Понятно, что детские сказки про репку, волка с козлятами, зайчиков, лисичек и т.д., – по факту, являются как бы ложной информацией: зайчики-лисички в сказках разговаривают, носят одежду, живут в домиках. И всякие истории, происходящие с ними совершенно нереальны. Но никто не будет отрицать, что это уже нужные знания: в сознании ребёнка формируется структура мира. Эти «ложные» истории являются необходимым этапом для «взрослого» понимания мира. У человека не бывает в жизни такого момента, когда он отбрасывает всё познанное в детстве как что-то полностью неправильное и начинает познавать мир заново, «по-взрослому». Не бывает «лишних» периодов познания, детские «схематичные» познания это очень значимый этап освоения «взрослых» понятий.
Всё это понятно: посредством упрощённых данных и схематичных понятий ребёнок познаёт мир доступным ему способом, Но что такое «упрощённые данные» или «схематичные понятия»? Для сознания всё ясно, но можно ли представить себе, чтобы в компьютер вводились какие-то «схематичные» и даже неправильные данные, чтобы посредством этого как-то упростить, скажем, формирование определённой базы данных? (Что вообще могут представлять собой такие данные для компьютера?) Ввод данных в компьютер («познание» компьютером нужной информации) не имеет никаких аналогий с познанием человеком окружающего мира.
Это один из важнейших нюансов смысловой формы информации. То есть огромный массив информации может восприниматься сознанием в каком-то схематичном виде (при всей очевидности этого понятия, невозможно дать ему чёткого определения). Для «обработки» информации в таком виде не требуется «больших мощностей», но, тем не менее, такая способность позволяет правильно реагировать на внешние воздействия. Заметим, что и у взрослых людей основная масса информации об окружающем мире представлена в каком-то схематичном, упрощённом виде. Но, во-первых, эти «упрощения» таковы, что могут, при необходимости, развиваться и уточняться, а во-вторых, такое восприятие мира вовсе не усложняет, а напротив, невероятно облегчает ориентацию во всём многообразии информационных воздействий.
***
Кстати, упрощённые детские знания о зайчиках-мишках-лошадках-коровках, получаемые через игры и сказки, хотя слишком далеки от реалий, вовсе не являются какими-то несерьёзными знаниями. Именно они создают в сознании нечто вроде определённой структуры, которая позволяет осваивать окружающий мир. Лев Толстой утверждал, что за первые пять лет своей жизни он познал больше, чем за все последующие годы.
Важность детских игр для развития человека нельзя не заметить, и на это обращали внимание многие известные личности.
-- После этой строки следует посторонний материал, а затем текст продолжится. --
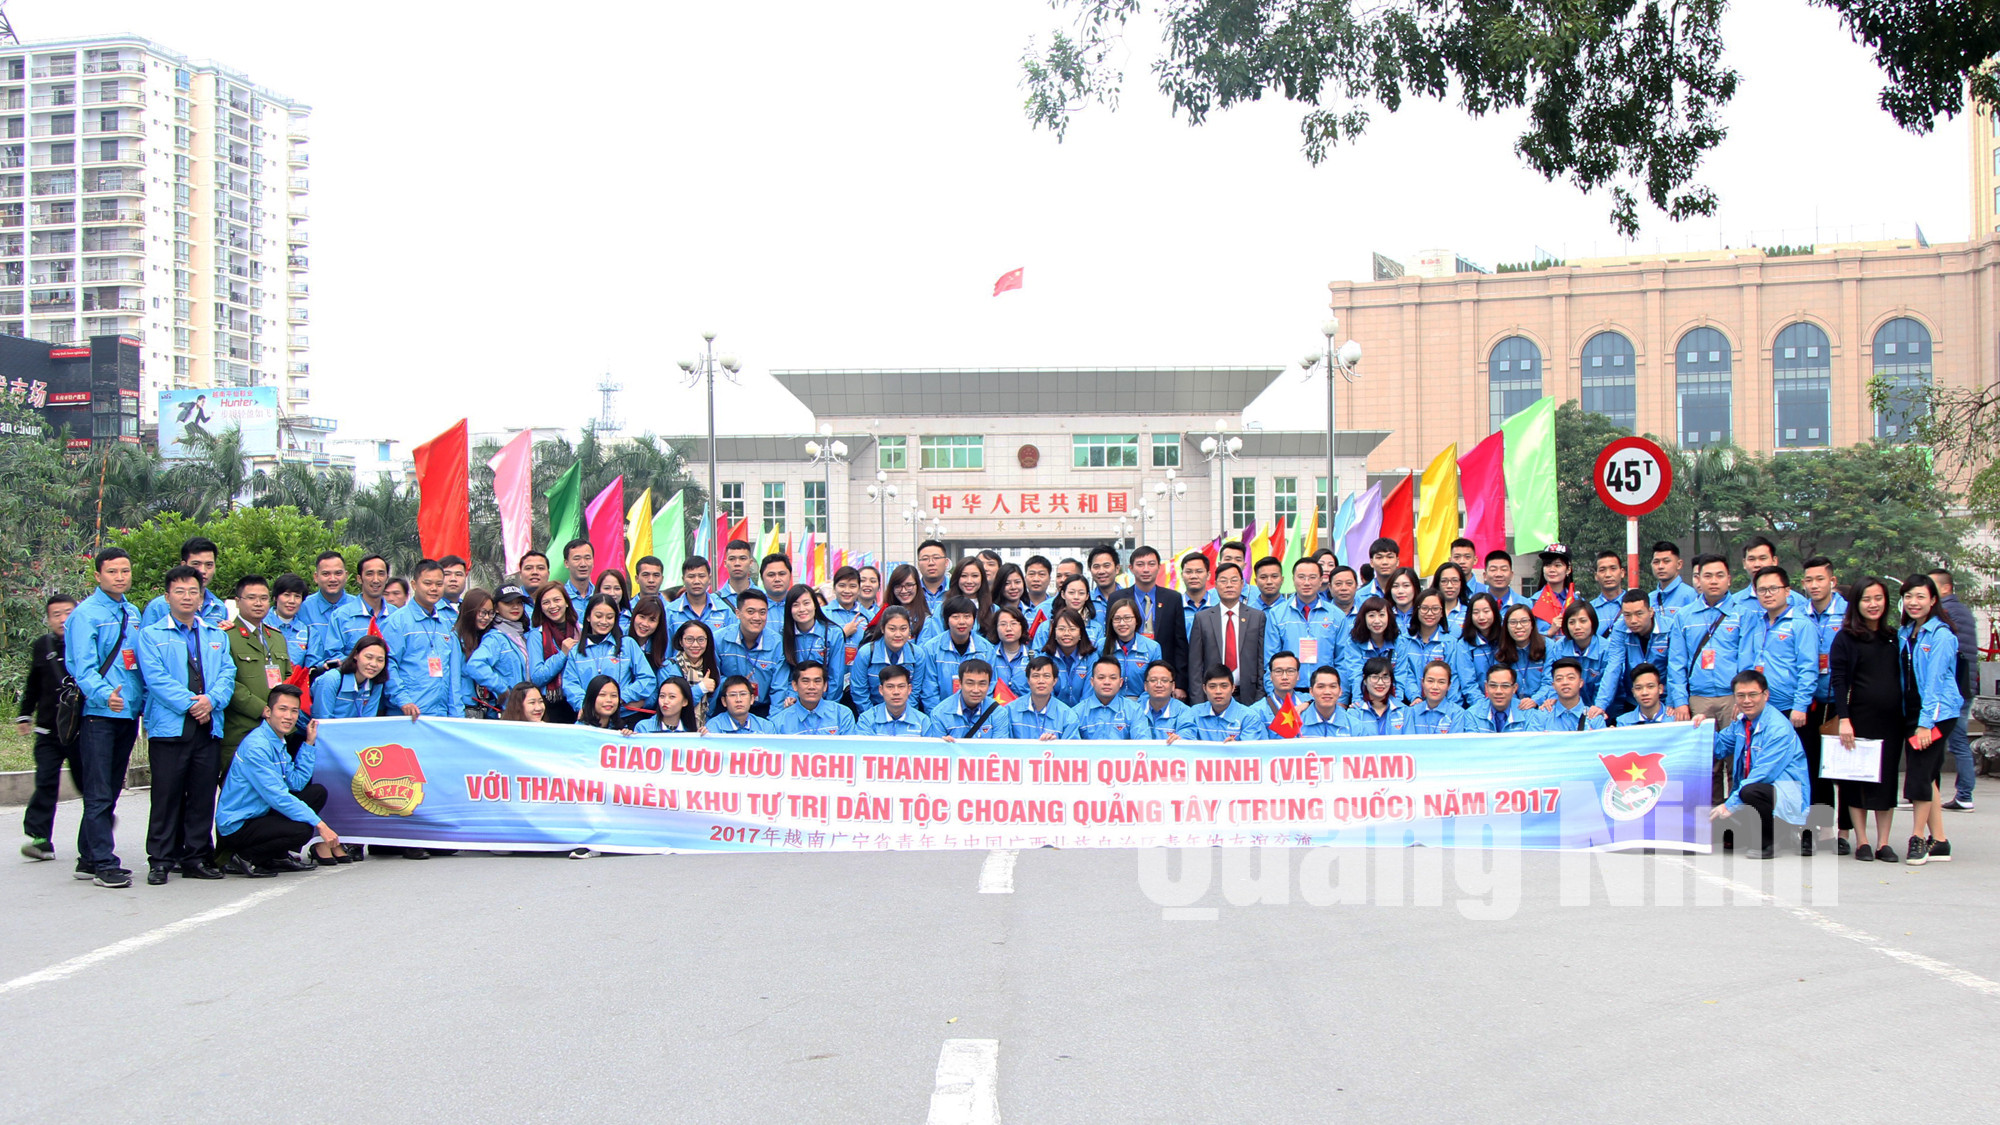 Đoàn đại biểu thanh niên tỉnh Quảng Ninh tham gia chương trình giao lưu hữu nghị thanh niên tỉnh Quảng Ninh - Quảng Tây lần thứ II, năm 2017.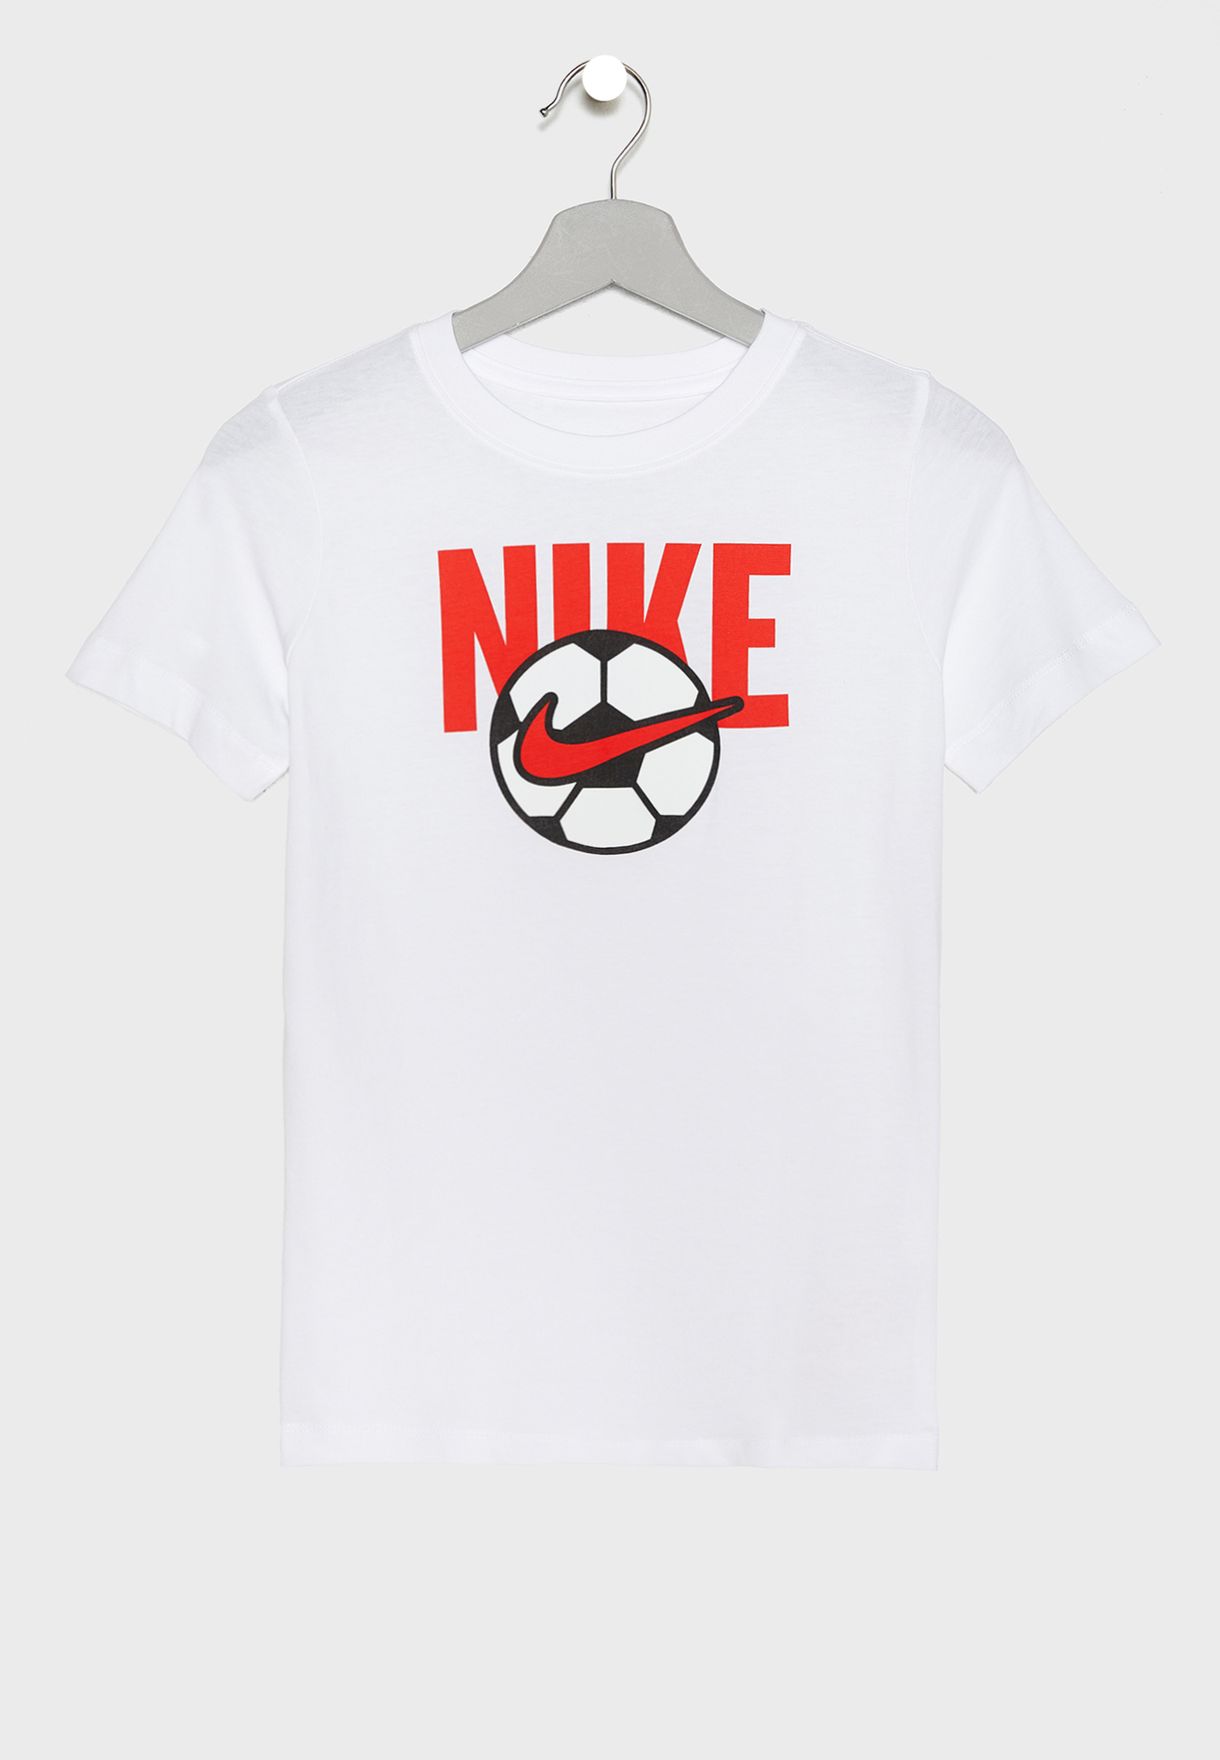 white nike soccer ball

В частности, русский педагог и писатель Антон Семёнович Макаренко отмечал: «Каков ребёнок в игре, таков во многом он будет в работе, когда вырастет». Польский писатель Корчак утверждал: «Многие детские игры – подражание серьёзной деятельности взрослых». Известный немецкий поэт и драматург Шиллер лаконично заметил: «В игре детей есть часто смысл глубокий». То есть, детские сказки, игры и прочие забавы по большому счёту не пустое развлечение, а специфическая и очень эффективная обработка информации об окружающем мире.
***
Конечно, не только интерес побуждает сознание к познавательной деятельности, ведь, например, познание людьми законов природы это просто жизненная необходимость, которую игнорировать невозможно. Но главная особенность интереса в том, что он как бы инициирует творческую составляющую познавательного процесса. Нереально познать наш мир посредством некоего подобия последовательной записи в мозг какой-то заранее определённой информации. Мир слишком разнообразен, и ориентироваться в нём можно только посредством творческого осмысления различных, зачастую не связанных между собой информационных воздействий. Проще говоря, познание через интерес – это познание творческое, не «прямолинейное». Отсюда столько «причуд» в этой естественной особенности. И едва ли не самая главная в своей нелогичности «причуда» – это интерес к «ненужной» информации. Но ведь творчество, как мы неоднократно отмечали, невозможно «впихнуть» в какие-то жёсткие правила; при этом процессе приходится «перемалывать» много «пустой породы», и никогда нельзя заранее точно сказать какая информация «нужная», а какая нет.
Вообще, в психологии интерес определяется как состояние, побуждающее к познавательной деятельности. И снова заострим внимание на том, что невозможно заранее определить, какая именно информация является «нужной» для «познавательной деятельности», а какая «ненужной». Разве могло бы человечество выделиться из животного мира, если бы никто не заинтересовался ненужными на данный момент способами нанесения наскальных рисунков, красотой строения растений, «магией чисел», и прочими «бесполезными» вещами? Конечно, далеко не каждый человек, занимающийся чем-то практически бесполезным, сделает в конечном итоге значимое открытие, – большинство подобных занятий действительно оказываются «пустыми». Но если бы не было самого этого явления, – интереса к познанию чего-то отвлечённого, не связанного с практической деятельностью, – то вряд ли вообще были бы возможны как научные открытия, так и само развитие человечества.
***
Русский учёный Владимир Иванович Вернадский сказал следующее: «Я вполне сознаю, что могу увлечься ложным, обманчивым, пойти по пути, который заведёт меня в дебри; но я не могу не идти по нему, мне ненавистны всякие оковы моей мысли, я не могу и не хочу заставить её идти по дорожке, практически важной, но такой, которая не позволит хоть несколько более понять те вопросы, которые мучают меня… И это искание, это стремление – есть основа всякой научной деятельности».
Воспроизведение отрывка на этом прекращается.